By Tarik Hadj-Hamou and Bertrand Breul
Final closures of old abandoned landfills often pose technical and logistical challenges. A small (5 hectares/12 acres) landfill created by pushing waste into a tidal wetland on the edge of Suisun Bay in Northern California was no exception.
The initially proposed final cover design called for 60cm (23in.) of foundation soil, a 1.5-mm (0.06-in.) HDPE geomembrane, a geocomposite, and 60cm of cover soil. This design resulted in the import and placement of 90,000m3 of fill and a 1.5-hectare (3.7-acre) encroachment in the wetland and raised concern about settlement and damages to the wetland habitat.
A revised design, presented in this article, is based on a 40-mm (160 mil) bituminous geomembrane exposed in the tidal area and covered (geocomposite and cover soil) over the rest of the landfill. The revised design, approved by U.S. Army Corps of Engineers, offered financial and environmental advantages.
Site conditions and history
The landfill, located adjacent to Suisun Bay north of Concord, Calif., covers 5 hectares (12 acres) and forms an asymmetric mound that reaches a maximum elevation of slightly more than 3m above mean sea level (MSL) near its eastern edge along an access road. The western half of the landfill is at an elevation of 1-1.5m above MSL.
A tidal wetland surrounds the landfill to the north, west, and south. The landfill contains an estimated 95,000–105,000m3 of municipal waste and cover soil. In addition to a sharp break in slope, the boundary is also clearly defined by the edge of water near the toe of the slope. Terrestrial plant life extends only to the edge of the water.

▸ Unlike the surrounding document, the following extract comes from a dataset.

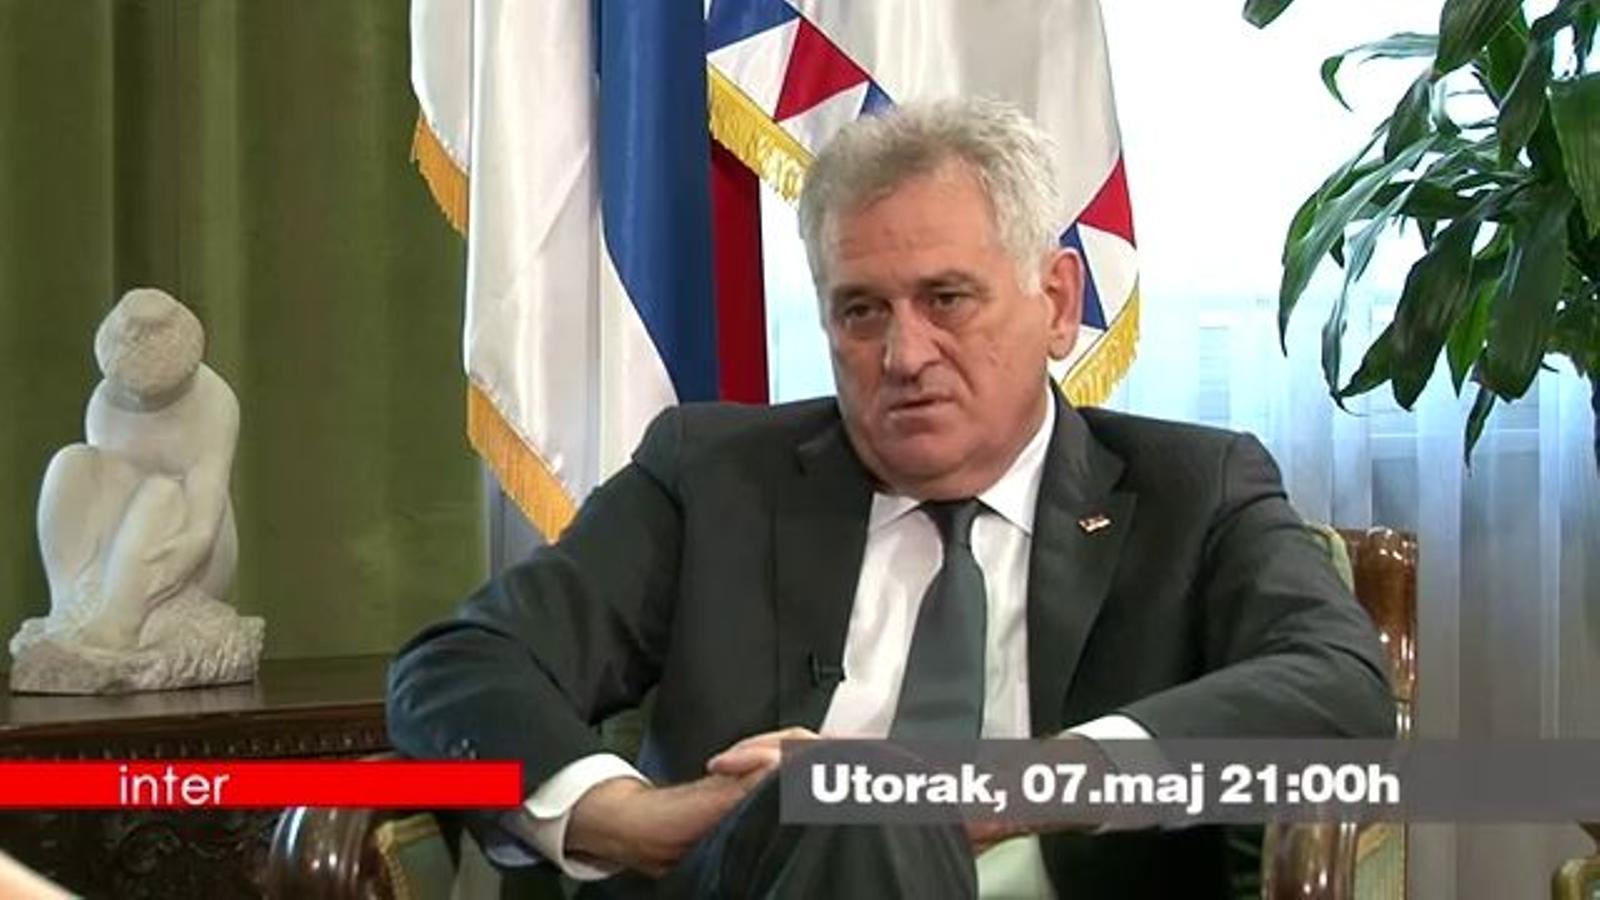 Tràiler de l'entrevista en què Tomislav Nikolic demana disculpes per la matança de Srebrenica

Historical aerial photographs indicated that the landfill was created by the progressive disposal of waste placed directly on native soil outward from the road on the eastern boundary. Apparently, this area was not excavated before waste was discarded here. Based on the topographic evaluation, the waste was estimated at up to 3m thick; however, the waste may be unevenly distributed and the ratio of waste-to-soil in the fill may vary. Figure 1 shows an aerial photograph of the landfill.
Surface water in the wetland to the west of the landfill is influenced by the ebb and flooding of tidal water in Suisun Bay, which is part of the San Francisco Bay system. Water elevations change daily because of tidal fluctuation and are typically on the order of 0.5m (20in.).
Surface water elevations were measured between the approximate extremes of 0.5 and 0.9 meters (National Geodetic Vertical Datum, 1929) during the wet and dry season tidal influence surveys in 2005 and 2006. Although lower water levels may not readily occur at the site because the area does not drain well, higher water levels are likely during extreme tides and storm events.
The landfill is underlain by a soft clay deposit known locally as San Francisco Bay mud (bay mud). Silty clay is the predominant lithology of the bay mud, although peat lenses are present beneath the landfill.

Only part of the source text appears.